Могут быть и другие риски в зависимости от вашего конкретного состояния здоровья. Быть обязательно обсудите любые проблемы с вашим лечащим врачом до процедура.
Как мне подготовиться к рентгеновскому снимку черепа?
- Ваш лечащий врач объяснит вам процедуру и спросит, у вас есть вопросы.
- Как правило, никакой подготовки, такой как голодание или седативные препараты, не требуется.
- Сообщите рентгенологу, если вы беременны или думаете, что можете быть.
- Сообщите технологу-радиологу, если у вас протез (искусственный). глаза, потому что протез может создать непонятную тень на рентгеновском снимке. черепа.
- В зависимости от вашего состояния здоровья ваш поставщик может запросить другие специфическая подготовка.

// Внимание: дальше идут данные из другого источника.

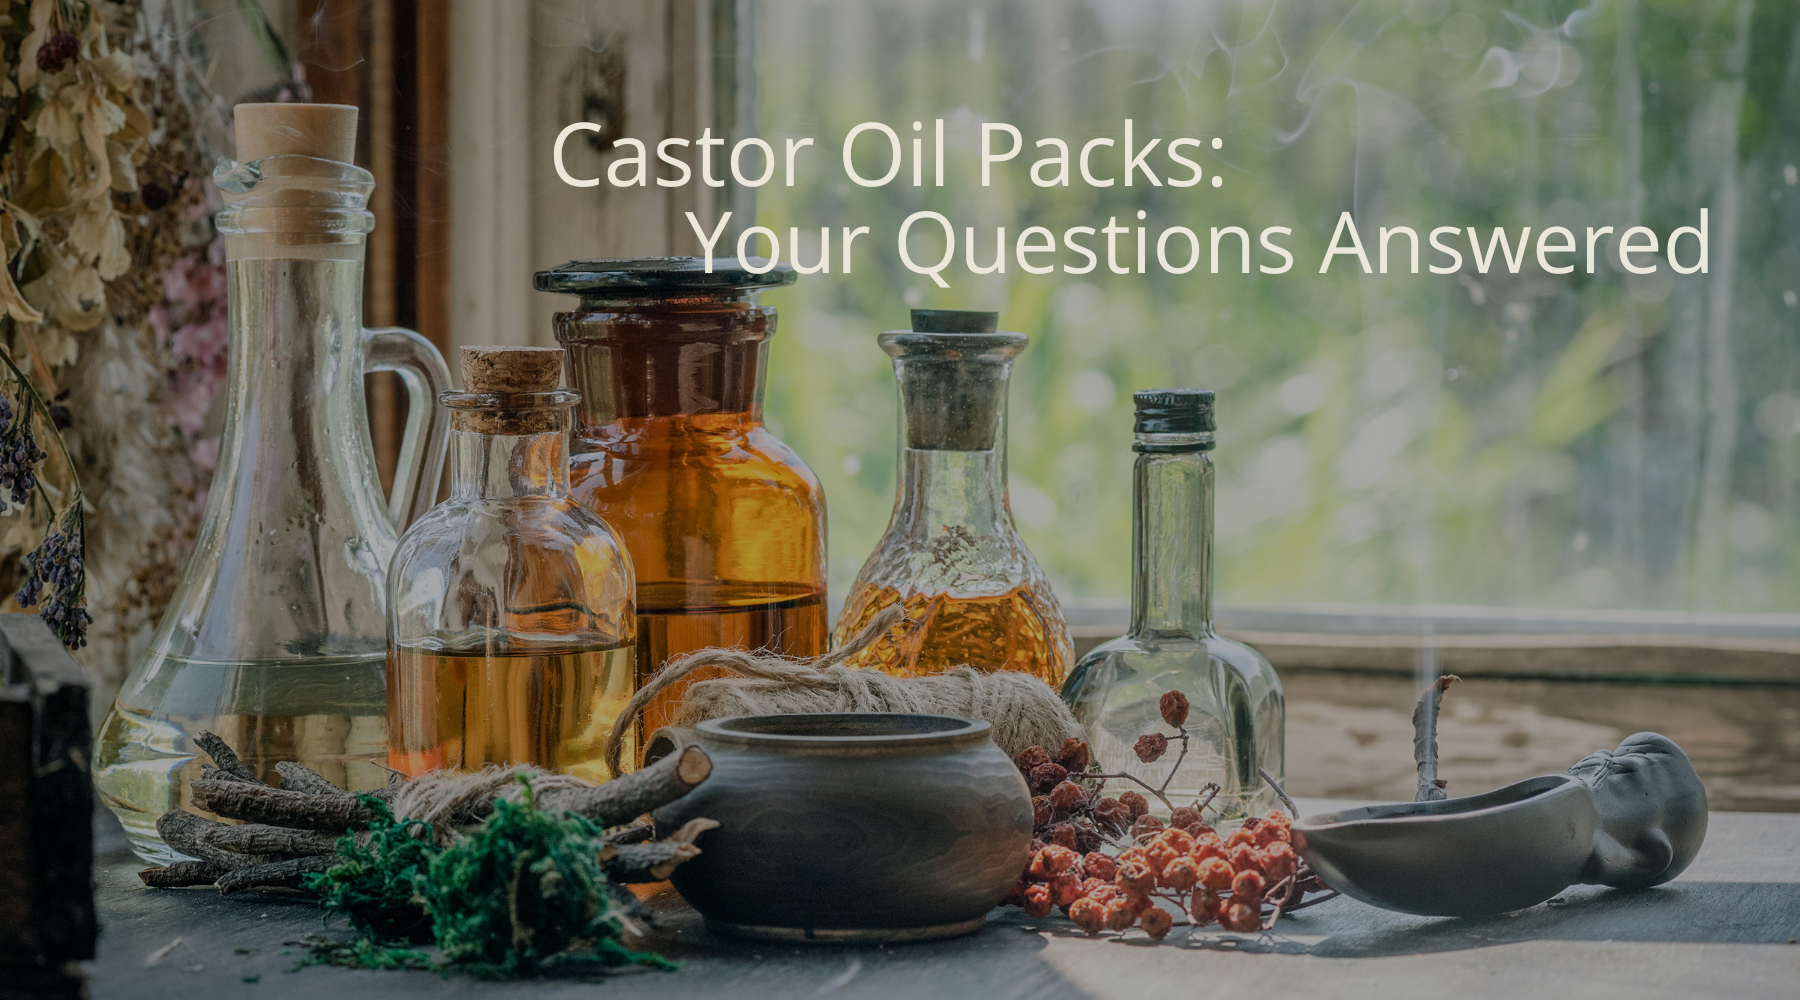 Castor Oil Packs: Your Questions Answered
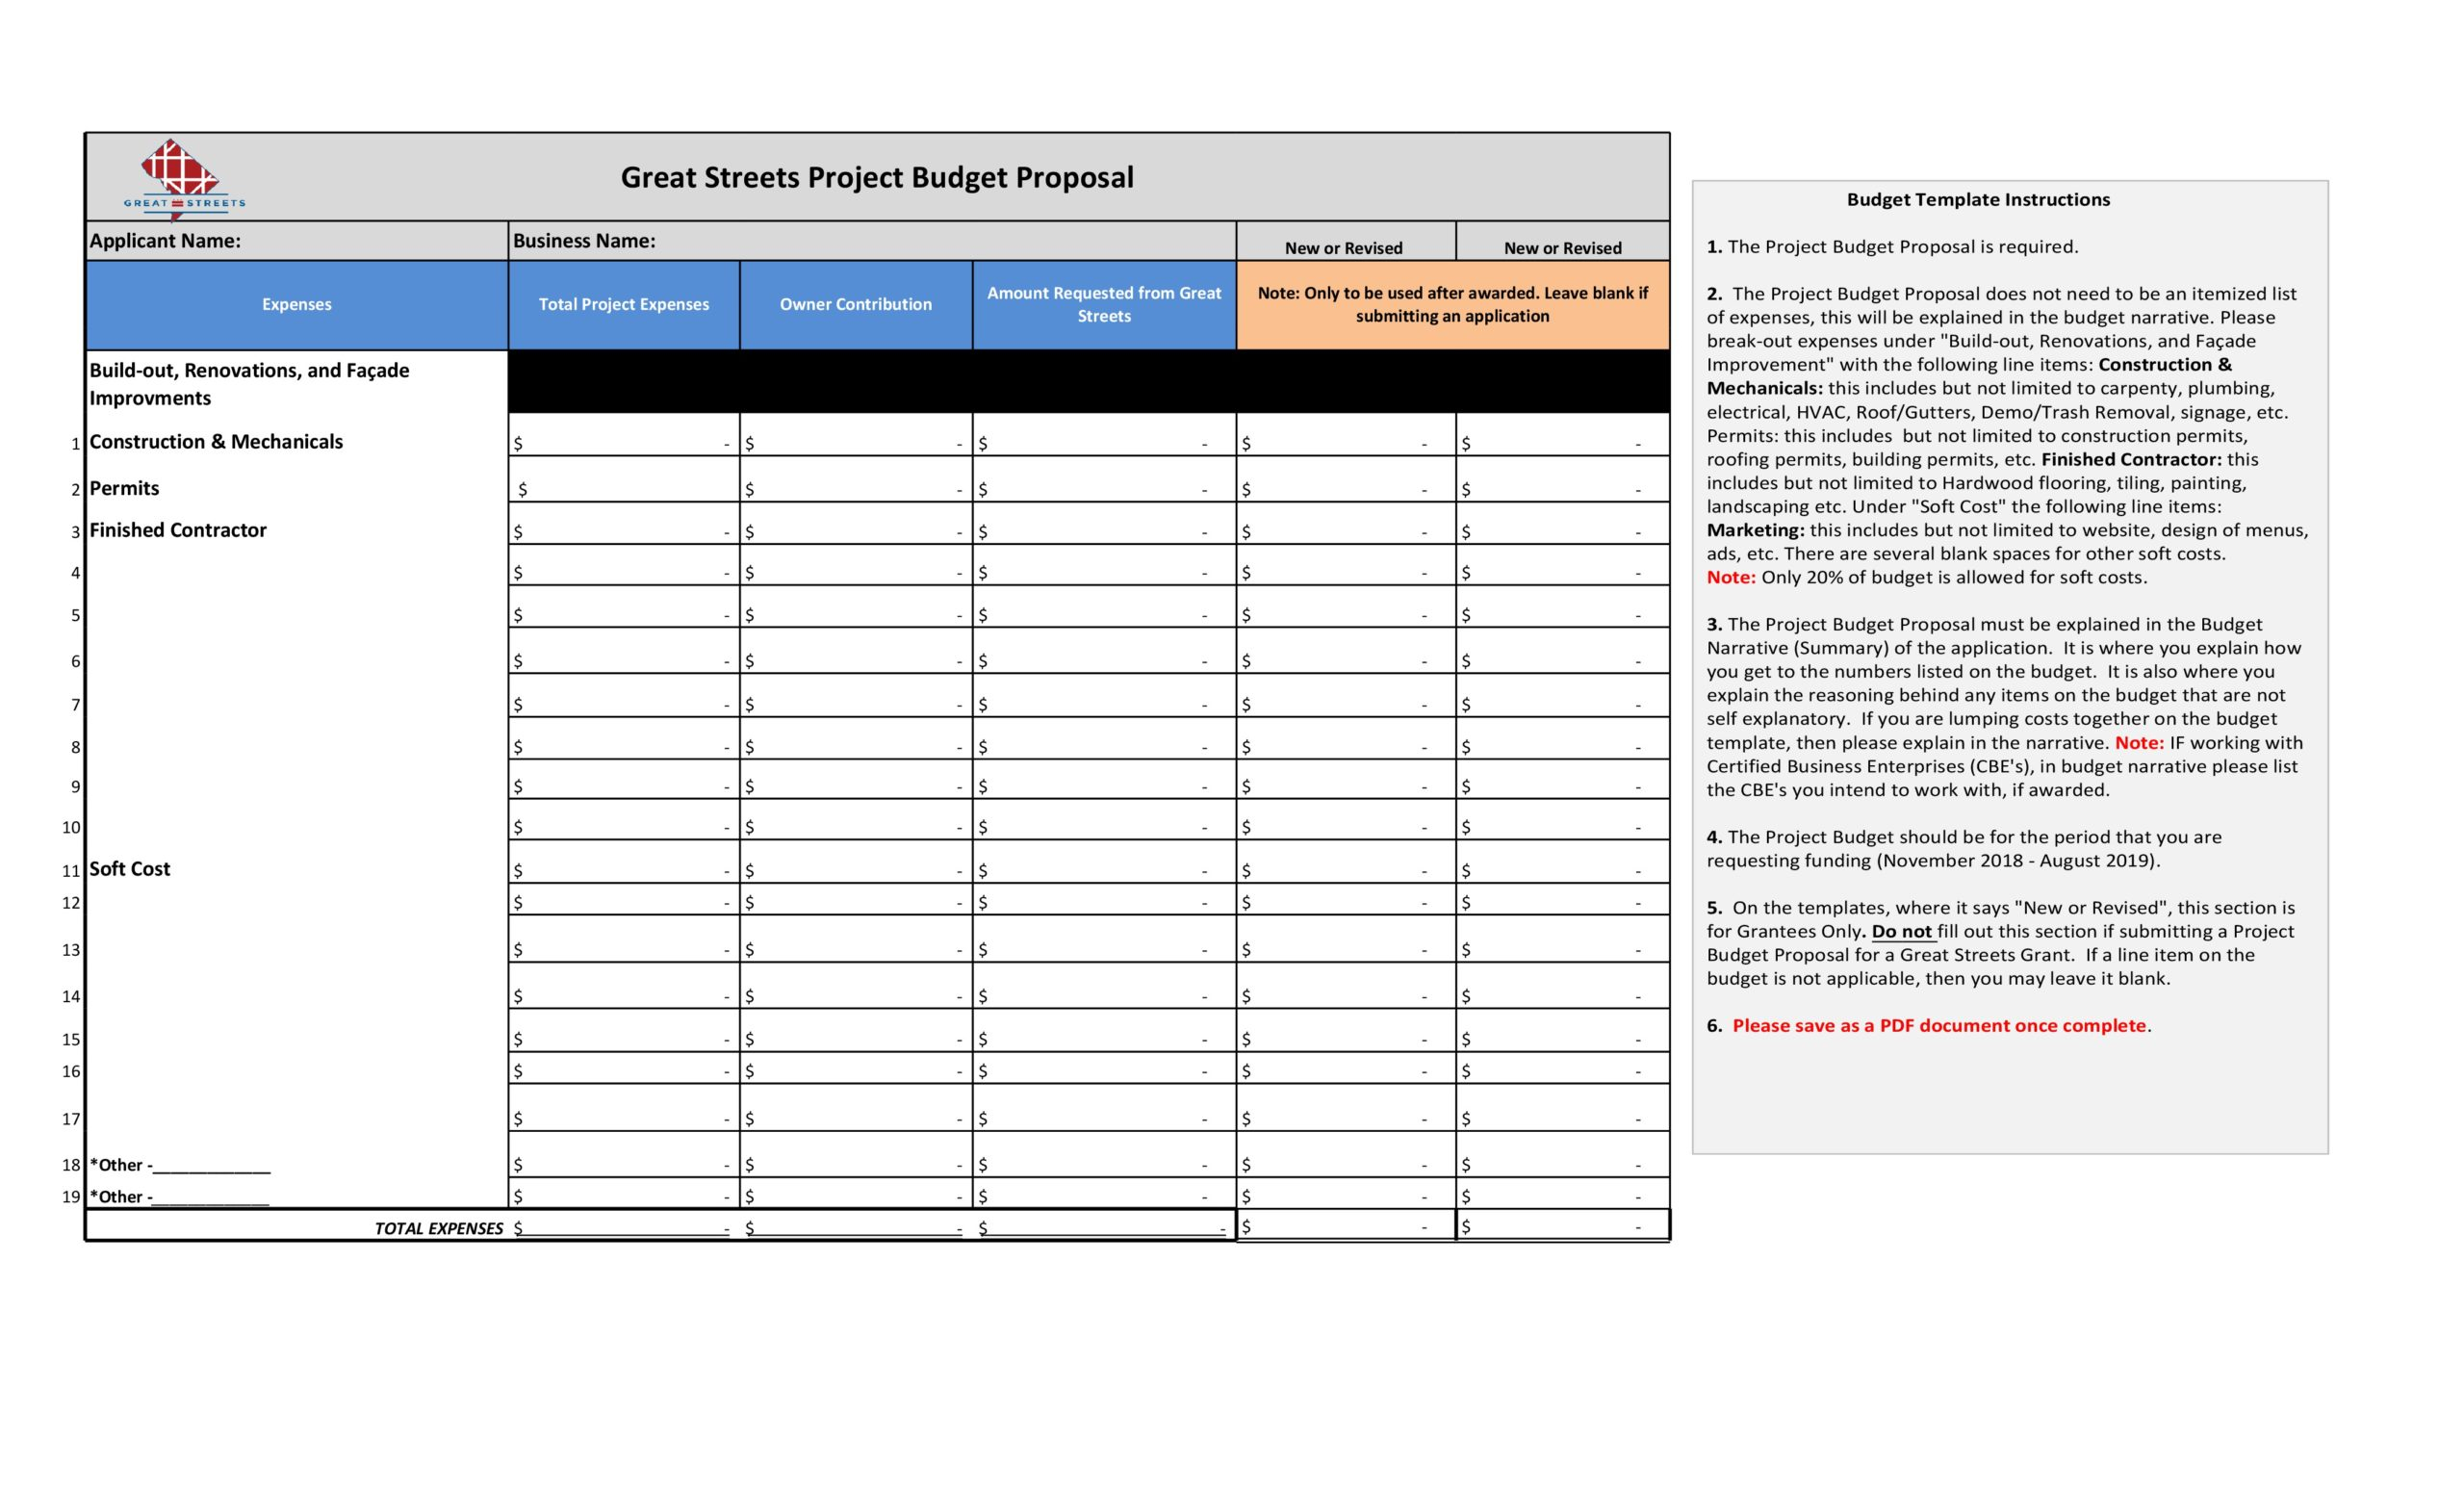 11 Free Budget Proposal Templates (Word & Excel) ᐅ TemplateLab For Grant Project Budget Template In Grant Project Budget Template

Что происходит во время рентгена черепа?
Рентген может быть сделан амбулаторно или как часть вашего пребывания в больнице. больница. Процедуры могут отличаться в зависимости от вашего состояния и вашего практика поставщика медицинских услуг.
Как правило, рентген черепа следует за этим процессом:
- Вас попросят снять любую одежду, украшения, заколки, очки, слуховые аппараты или другие металлические предметы, которые могут мешать с процедурой.
- Если вас попросят снять одежду, вам дадут халат.
- Вы будете размещены на рентгеновском столе, который аккуратно разместит деталь. черепа, подлежащего рентгеновскому сканированию между рентгеновским аппаратом и кассета с рентгеновской пленкой.
- Неизображаемые части тела закрываются свинцовым фартуком (щитом), чтобы избегайте воздействия рентгеновских лучей.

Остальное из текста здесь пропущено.